In the case of reactions VI and VII, which involve the activation of aryl chloride, the active P-ligands can be classified into four subgroups: the Buchwald-type characterized by the presence of a biphenyl group and its derivatives (L1, L3–L8, and Ph-XPhos); the CataCXium-type featuring a 1-Ph-pyrrolyl group (L2); the aryl-type with an o-OMe-Ph group (L9); and the Singer-type with a pyrazol group and its derivatives (e.g., L10 and AdBippyphos). All these P-ligands contain aryl-type substation groups to weaken the M–L interaction. This energy range aligns adeptly with the Pd-aryl chloride interaction (ΔE_rep(R) = ∼21 kJ mol⁻¹), consequently yielding a high catalytic performance in aryl chloride activation. Therefore, the distribution of ALS varies in a catalytic system depending on the specific reactants involved which should be carefully considered.

Conclusion

We have established an MPCD, featuring a meticulously designed ligand replacement energy metric that serves as a universal descriptor for characterizing metal–ligand interactions. Utilizing this energy descriptor, we have devised a strategy for predicting active P-ligands for specific target reactions, achieved through the construction of volcano plots and the delineation of ALS. It offers a quick and economical means of effectively narrowing down the P-ligand screening space, thereby enhancing catalyst design efficiency. We have effectively applied this approach to screen out a range of cost-effective P-ligands which can catalyze the SMC reaction involving aryl chloride. The MPCD will motivate synthetic chemists to perform computer-assisted interactive ligand exploration and provide new insights into relevant properties to solve a given problem.

Methods

SSW-NN simulations

Our approach for P-ligand conformer exploration is based on the recently developed SSW-NN method as implemented using the LASP code.⁴² The machine learning NN potential is generated by iterative self-learning of the plane wave density functional theory (DFT) global potential energy surface dataset generated from SSW exploration. The SSW-NN simulation can be divided into three steps: global dataset generation based on DFT calculations using selected structures from SSW simulation, NN potential fitting and SSW global optimization using NN potential. These steps are iteratively performed until the NN potential is transferable and robust enough to describe the global potential energy surface. The procedure is briefly summarized below.
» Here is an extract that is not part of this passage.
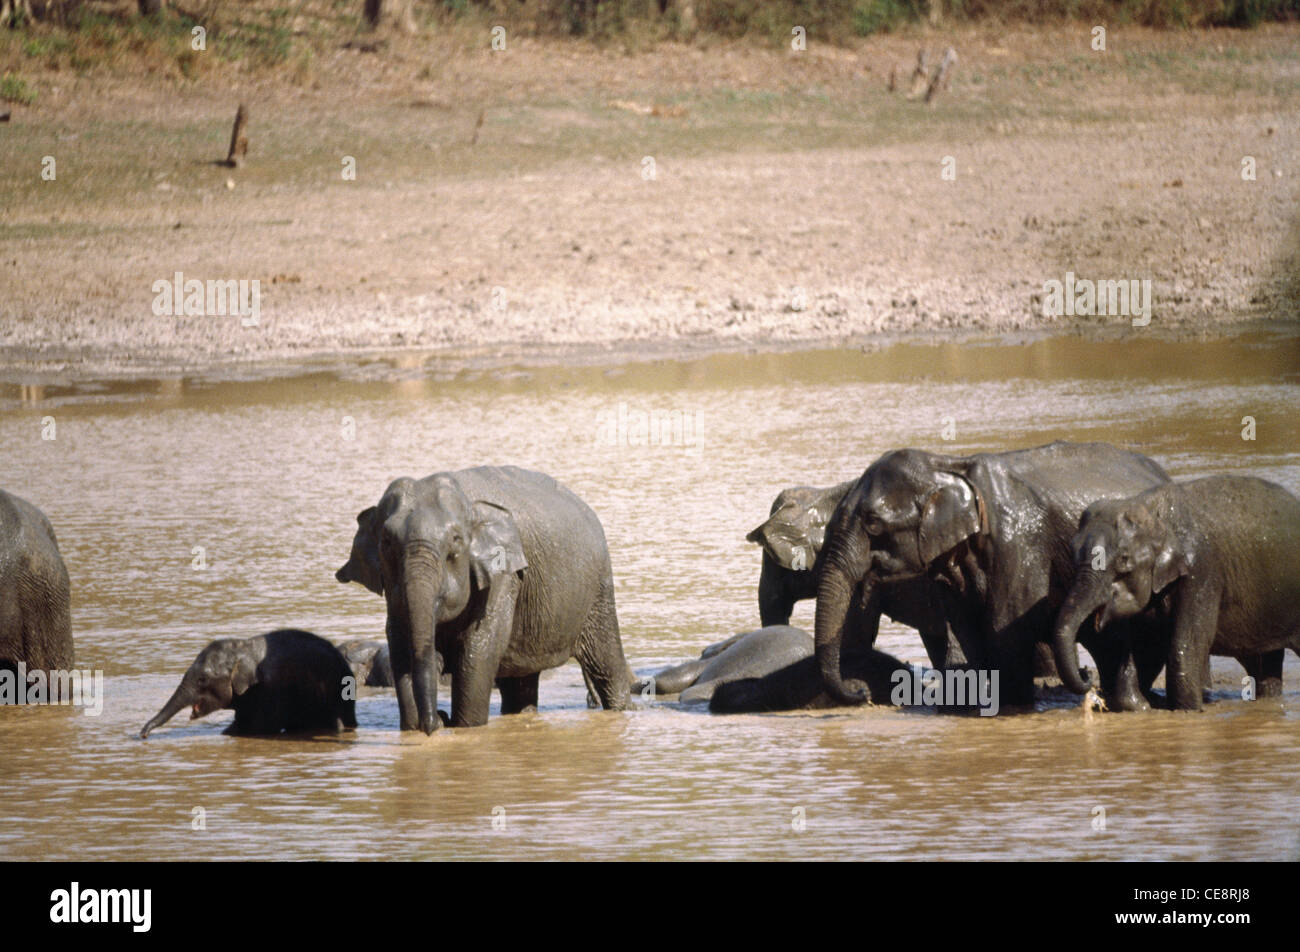 Elefantenfamilie, Kabini River, nagarhole Nationalpark, kodagu, Mysore, Karnataka, Indien - vit 80682 Stockfoto

At first, the global dataset is built iteratively during the self-learning of NN potential. The initial data of the global dataset comes from the DFT-based SSW simulation and all the other data are taken from NN-based SSW exploration. In order to cover all the likely compositions of M–P–C–N–O–H systems (M: Pd, Pt and Ni), SSW simulations have been carried out for different structures (including organic molecules and metal–phosphine complexes), compositions and atom numbers per unit cell. Overall, these SSW simulations generate more than 10⁷ structures on potential energy surfaces. The final global dataset that is computed from high accuracy DFT calculations contains >100 [thin space (1/6-em)] 000 structures. Then, the NN potential is generated using the method introduced in our previous work.^36,57 To pursue a high accuracy for potential energy surfaces, we have adopted a large set of power-type structure descriptors, which contains 912 descriptors for every element, including 224 2-body, 508 3-body, and 180 4-body descriptors, and compatibly, the network utilized is also large involving two-hidden layers (912-50-50-1 net), equivalent to ∼290 [thin space (1/6-em)] 000 network parameters in total. The min–max scaling is utilized to normalize the training data sets. Hyperbolic tangent activation functions are used for the hidden layers, while a linear transformation is applied to the output layer of all networks. The limited-memory Broyden–Fletcher–Goldfarb–Shanno (L-BFGS) method is used to minimize the loss function to match DFT energy, force and stress. The final energy and force criteria of the root mean square errors are 6.7 meVper atom and 0.19 eV Å⁻¹ respectively. Finally, SSW-NN simulations are performed on all MLPMe₃ (L: different P-ligands) structures and P-ligands to identify the most stable conformer. Thus, a large variety of structures have been obtained. All the low energy structure candidates from SSW-NN exploration are finally verified using plane wave DFT calculations and thus the energetic data reported in the work, without specifically mentioning, are from DFT.

DFT calculations

All DFT calculations are performed by using the plane wave VASP code,⁵⁸ where electron–ion interaction is represented by the projector augmented wave pseudopotential.^59,60 The exchange functional utilized is the spin-polarized GGA-PBE.⁶¹ The kinetic energy cutoff is set at 450 eV. The first Brillion zone k-point sampling utilizes the 1 × 1 × 1 gamma-centered mesh grid. The energy and force criterion for convergence of the electron density and structure optimization are set at 10⁻⁵ eV and 0.05 eV Å⁻¹, respectively.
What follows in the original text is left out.